Exercise goal — Using the entries that follow, transcribe only the lines from the line with "Cropped Palm Camiseta" to the line with "Kiamisu_Modeblog_Fashionblog_Alba Moda_Jumpsuit_Havanna_La Haban", both included, exactly as they stand and without pictures.
[[ Source information, beginning ]]
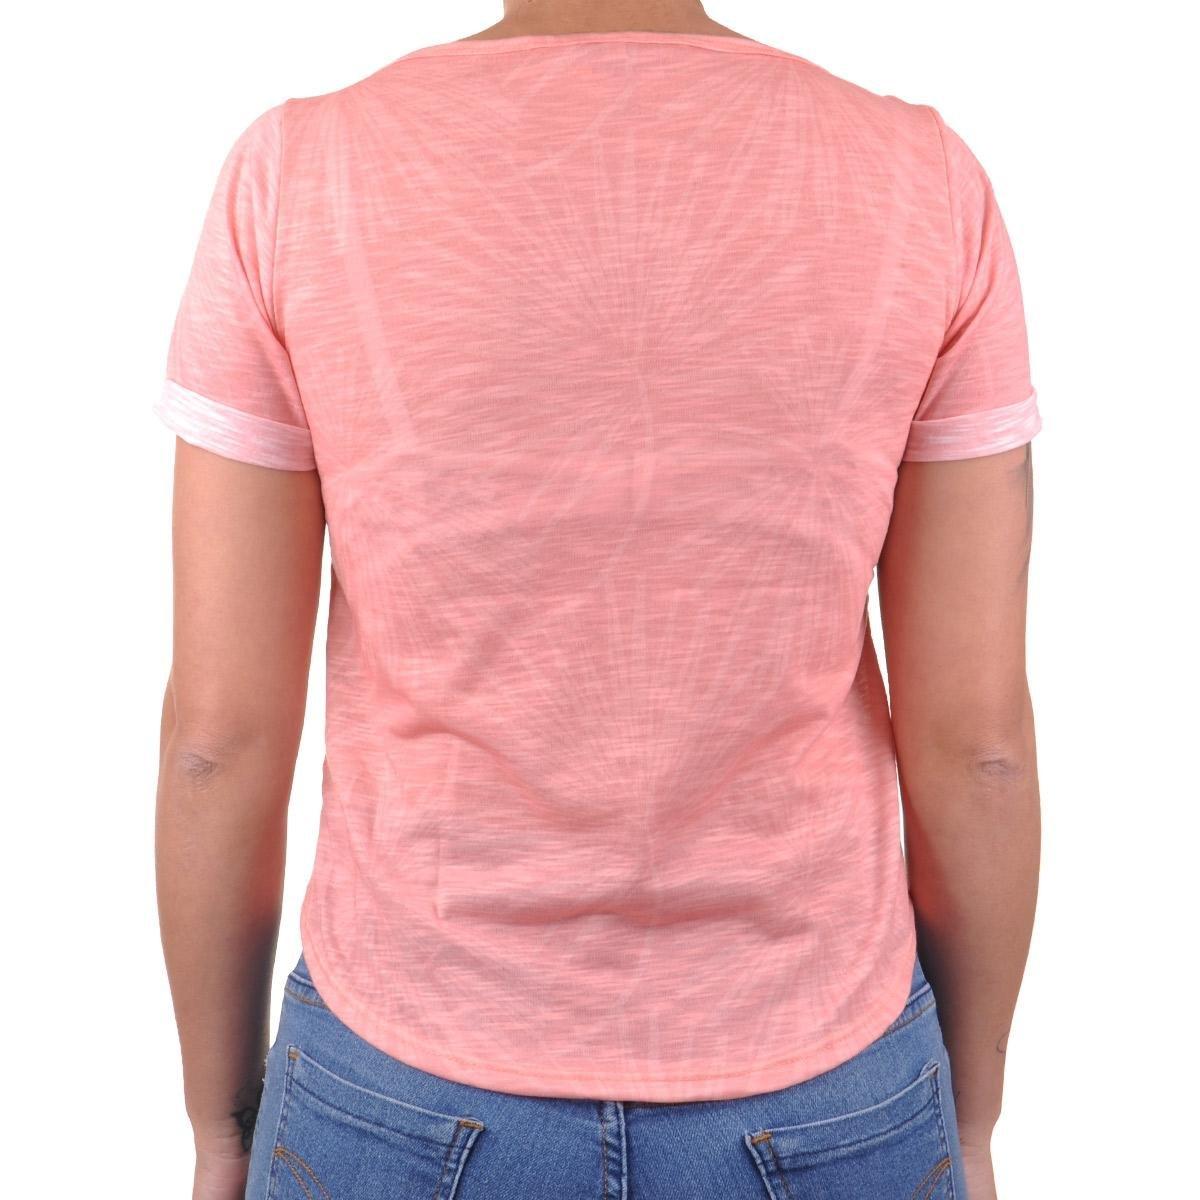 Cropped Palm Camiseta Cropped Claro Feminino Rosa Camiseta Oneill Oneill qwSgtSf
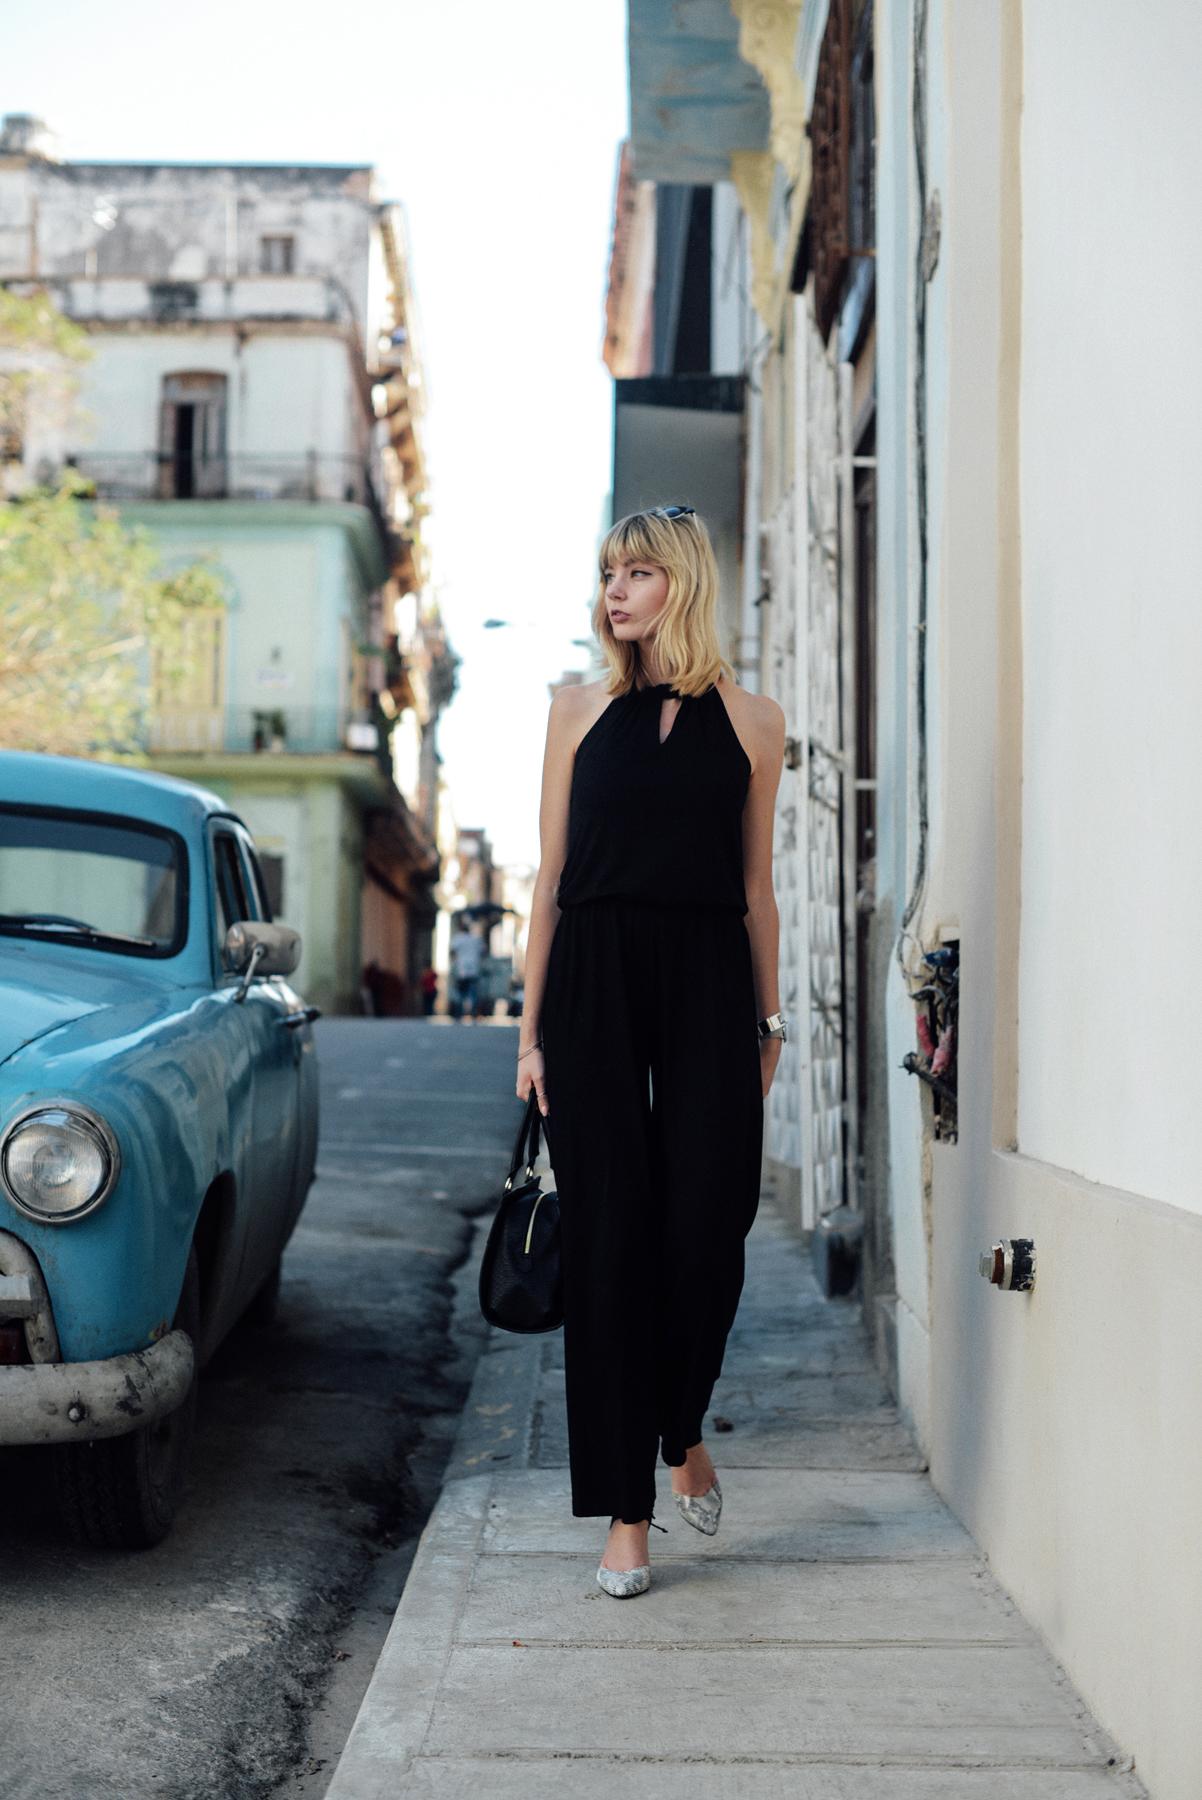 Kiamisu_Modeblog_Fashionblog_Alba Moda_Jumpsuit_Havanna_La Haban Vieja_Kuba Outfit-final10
[[ Source information, end ]]
[[ Source information, beginning ]]
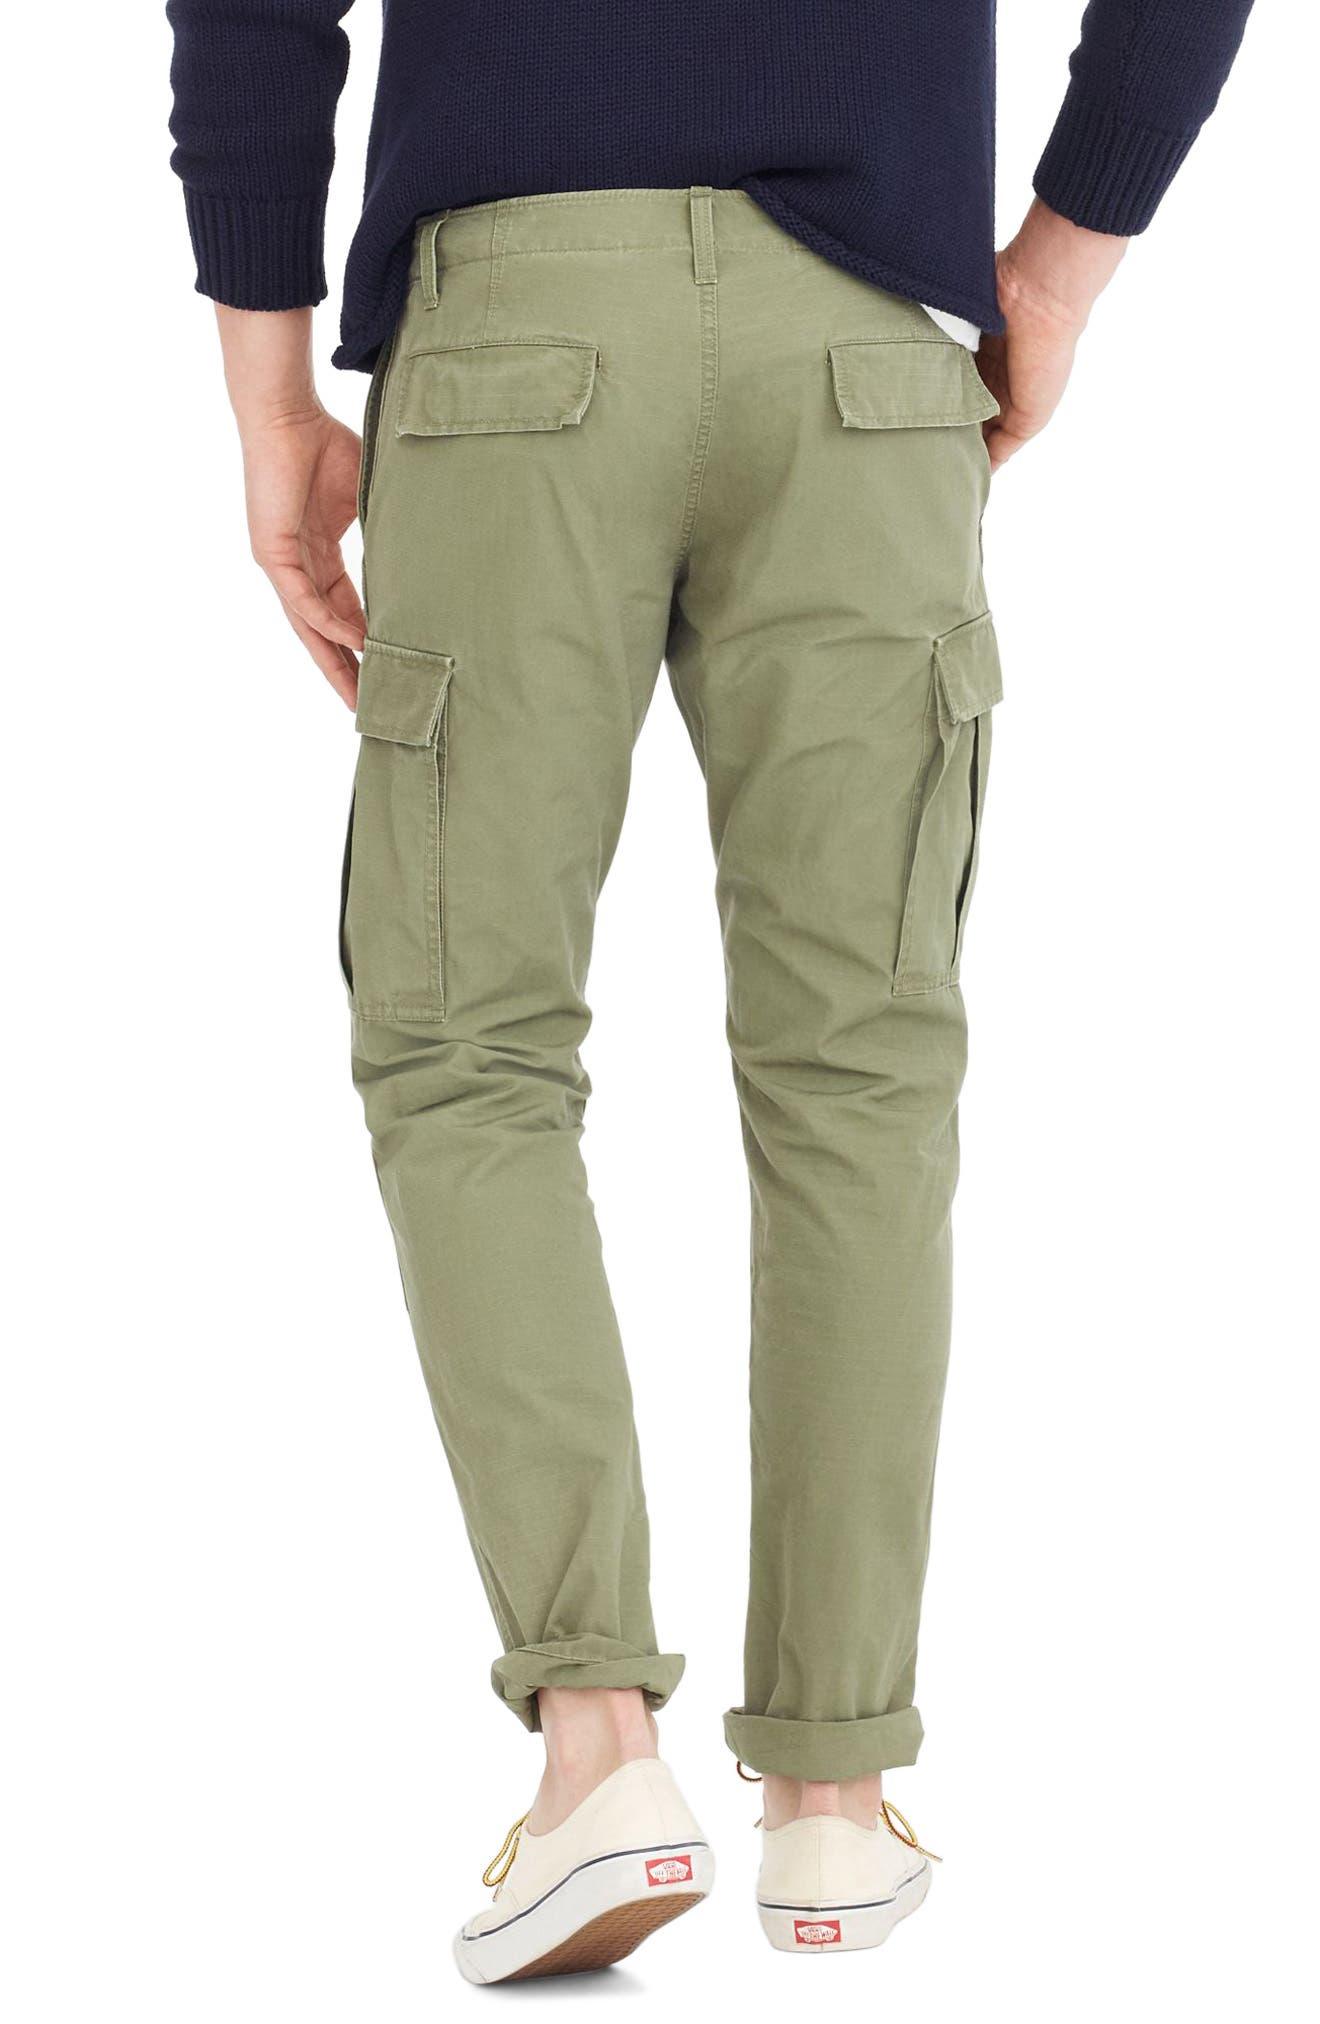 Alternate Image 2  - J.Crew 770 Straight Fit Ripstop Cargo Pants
[[ Source information, end ]]
Task response —
 Cropped Palm Camiseta Cropped Claro Feminino Rosa Camiseta Oneill Oneill qwSgtSf
 Kiamisu_Modeblog_Fashionblog_Alba Moda_Jumpsuit_Havanna_La Haban Vieja_Kuba Outfit-final10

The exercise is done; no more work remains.